Принципиально по-иному, чем в учреждениях общего образования, было организовано преподавание в специальных музыкальных заведениях, где воспитание инструментальных (оркестровых) кадров, напротив, занимало главенствующее место.
Например, еще за полвека до Серова в московском училище И. Б. Керцелли (открылось в 1773 г.), во все будние дни происходили занятия учеников на инструментах — с педагогами и самостоятельно, по чёткому расписанию, о котором желающие поступить в училище предварительно могли узнать из подробного газетного объявления: «Благородные благоволят упражняться от трёх часов пополудни до пяти, мещане от пяти до седьми, крепостные люди от осьми часов до одиннадцати пред полуднем».
Таким образом, сюда принимались представители всех сословий — крепостные, мещане, дворяне, — независимо от уровня знания ими музыкальной грамоты: «как те, которые не начинали ещё учиться музыке, так и играющие уже на некоторых орудиях, но лишённые открытого случая упражняться в музыке, под надзирательством мастеров довольно искусных свободное действие руки, нежность и вкус, которые суть украшение и вкус изячной музыки, — приобретаться могут «. А для быстрейшего их приобретения на практике, то есть «от мастера — подмастерью"[ Театральная жизнь России в эпоху Анны Иоанновны: Документальная хроника: 1730−1740: Вып. 1 / сост., вступ. ст., коммент. Л. М. Стариковой. — М.: Радикс, 1996. — 752 с.], лучшим из учащихся обещано совместное музицирование с педагогами. Интересным положением методических установок основателей является признание важности совместного обучения: учредители заведения, не отказывая состоятельным ученикам в занятиях на дому, куда выезжали учителя, как это было принято (и принято до сих пор), тем не менее предпочитали занятия в стенах училища, объясняя свой выбор тем, что «обучаясь, ученики в сообществе поревнуют преимуществовать одни пред другими «(Барбье, П. Венеция Вивальди: Музыка и праздники эпохи барокко / П. Барбье; пер. с франц. Е. Рабинович. — СПб.: Изд-во И. Лимбаха, 2009. — 280 с.).
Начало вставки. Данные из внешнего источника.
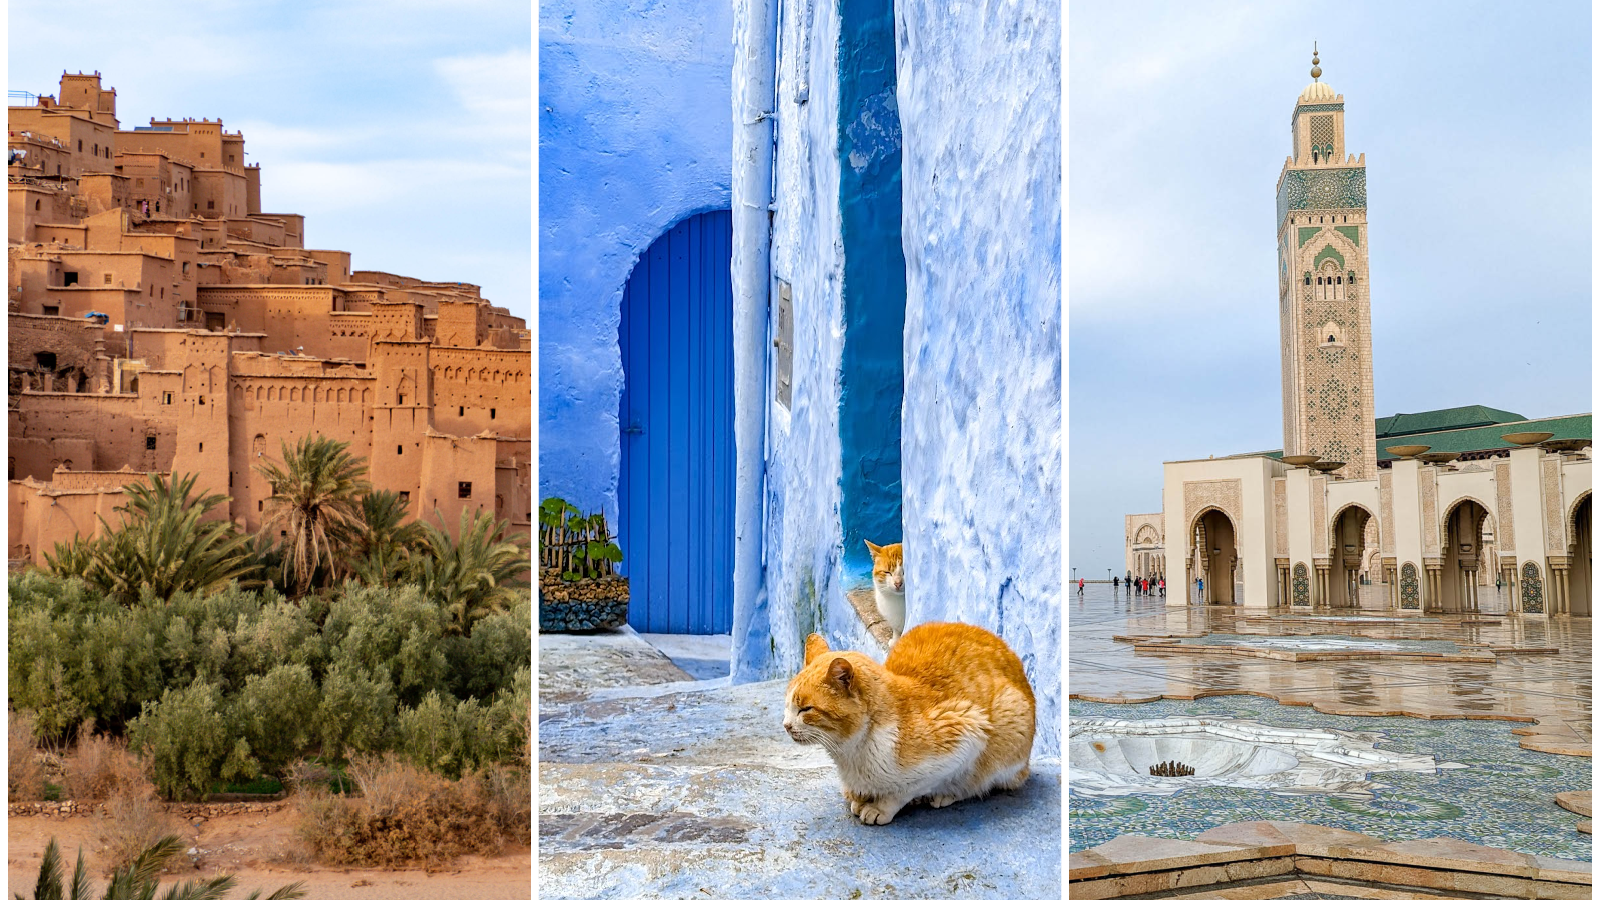 three images: an ancient kasbah, an orange cat sitting in front of a blue door, and a tan and green mosque on an overcast day

Овладение навыками исполнительства на струнных инструментах (скрипке и виолончели) стоило 50 рублей для всех, кроме крепостных, которые платили 25 рублей, а обучение переписке нот было для них бесплатным, отвечая растущему спросу на нотных переписчиков в крепостных и придворных оркестрах.
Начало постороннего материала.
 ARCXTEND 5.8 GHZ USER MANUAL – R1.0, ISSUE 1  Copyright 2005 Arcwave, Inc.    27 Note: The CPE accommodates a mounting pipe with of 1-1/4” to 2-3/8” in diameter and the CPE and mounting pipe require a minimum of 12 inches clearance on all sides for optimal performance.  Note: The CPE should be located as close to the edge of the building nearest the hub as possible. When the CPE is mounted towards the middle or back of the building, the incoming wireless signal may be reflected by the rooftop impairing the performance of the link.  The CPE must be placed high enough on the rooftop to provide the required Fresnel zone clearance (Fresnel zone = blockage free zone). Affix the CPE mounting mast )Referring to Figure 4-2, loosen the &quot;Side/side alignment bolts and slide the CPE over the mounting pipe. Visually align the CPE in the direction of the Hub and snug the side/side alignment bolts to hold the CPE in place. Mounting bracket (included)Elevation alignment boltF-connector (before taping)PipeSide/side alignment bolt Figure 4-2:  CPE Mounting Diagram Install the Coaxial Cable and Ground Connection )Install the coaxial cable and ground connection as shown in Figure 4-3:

Крепостные, прошедшие обучение в училище Керцелли и других подобных учреждениях, а также выпускники государственных Воспитательных домов (в том числе и бывшие подкидыши) по окончании курса освобождались от крепостной зависимости и, равно как и воспитанники инструментальных классов при театрах и капеллах, направлялись для работы в Императорские театральные оркестры, служащие которых получали официальный гражданский статус и согласно «Табели о рангах» именовались придворными.
Необходимо заметить, что введение фундаментальных основ музыкального образования в обучающие программы Воспитательных домов, помимо подготовки оркестровых кадров, имело и другие цели, также находившиеся в русле старейшей европейской традиции: приобщить к культурным достижениям человечества тех, кто по каким-либо причинам с рождения оказался на обочине жизни; помочь беднейшим и обездоленным получить профессиональные навыки и возможность обеспечить себя в будущем; наконец, дать наиболее перспективным воспитанникам шанс выделиться из «общей массы» и занять то положение, которое обеспечивает не право рождения, но право таланта.
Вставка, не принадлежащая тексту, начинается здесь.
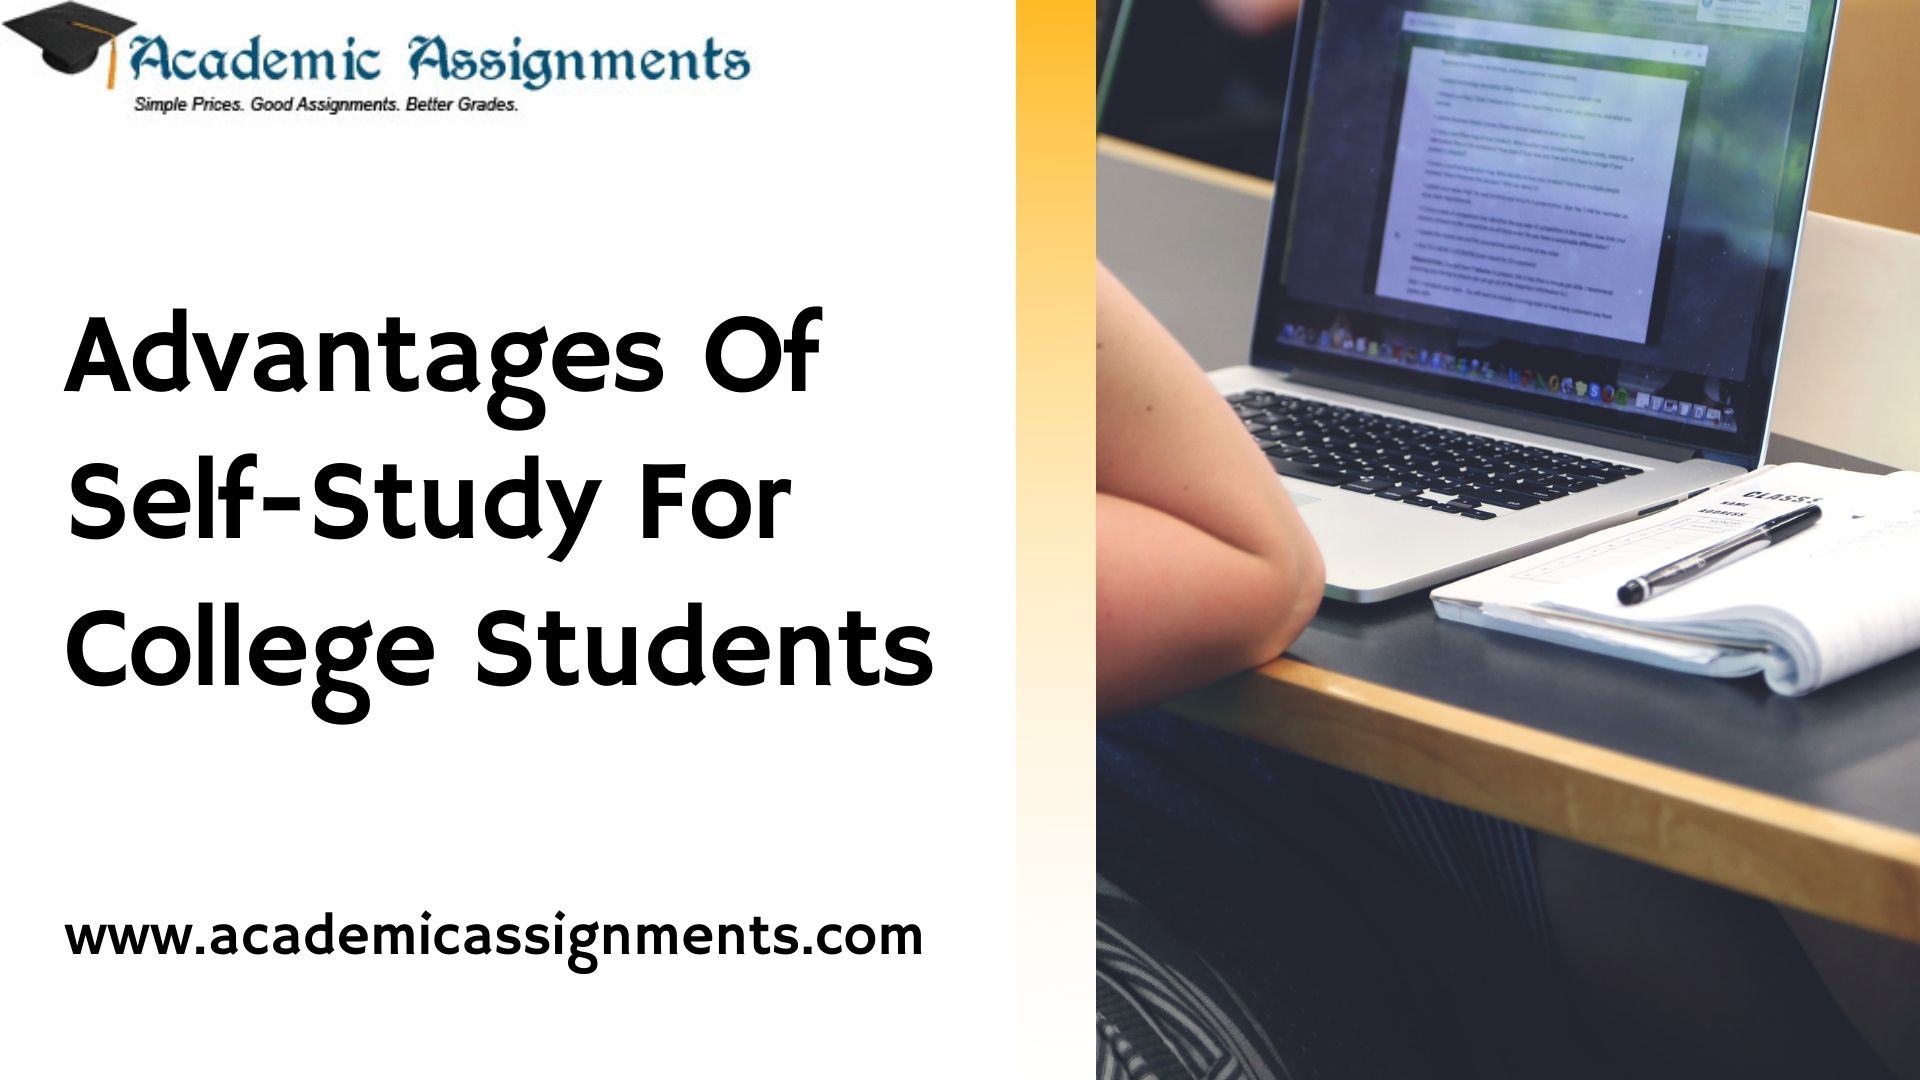 Advantages Of Self-Study For College Students

В Италии XVI-XVIII столетий эти ответственные функции были возложены на первые консерватории, возникшие на основе старинных «оспедалей» (ospedali — буквально «лечебницы», с современной точки зрения, выполнявшие объединённые функции больницы и приюта). Таких учреждений функционировало по четыре в Неаполе и Венеции; при общем очень высоком уровне вокального и инструментального преподавания и исполнительства различались они в первую очередь тем, что «в Неаполе от существования четырёх консерваторий выгадывали почти исключительно мальчики — в Венеции, напротив, бесплатно учиться музыке могли только девочки».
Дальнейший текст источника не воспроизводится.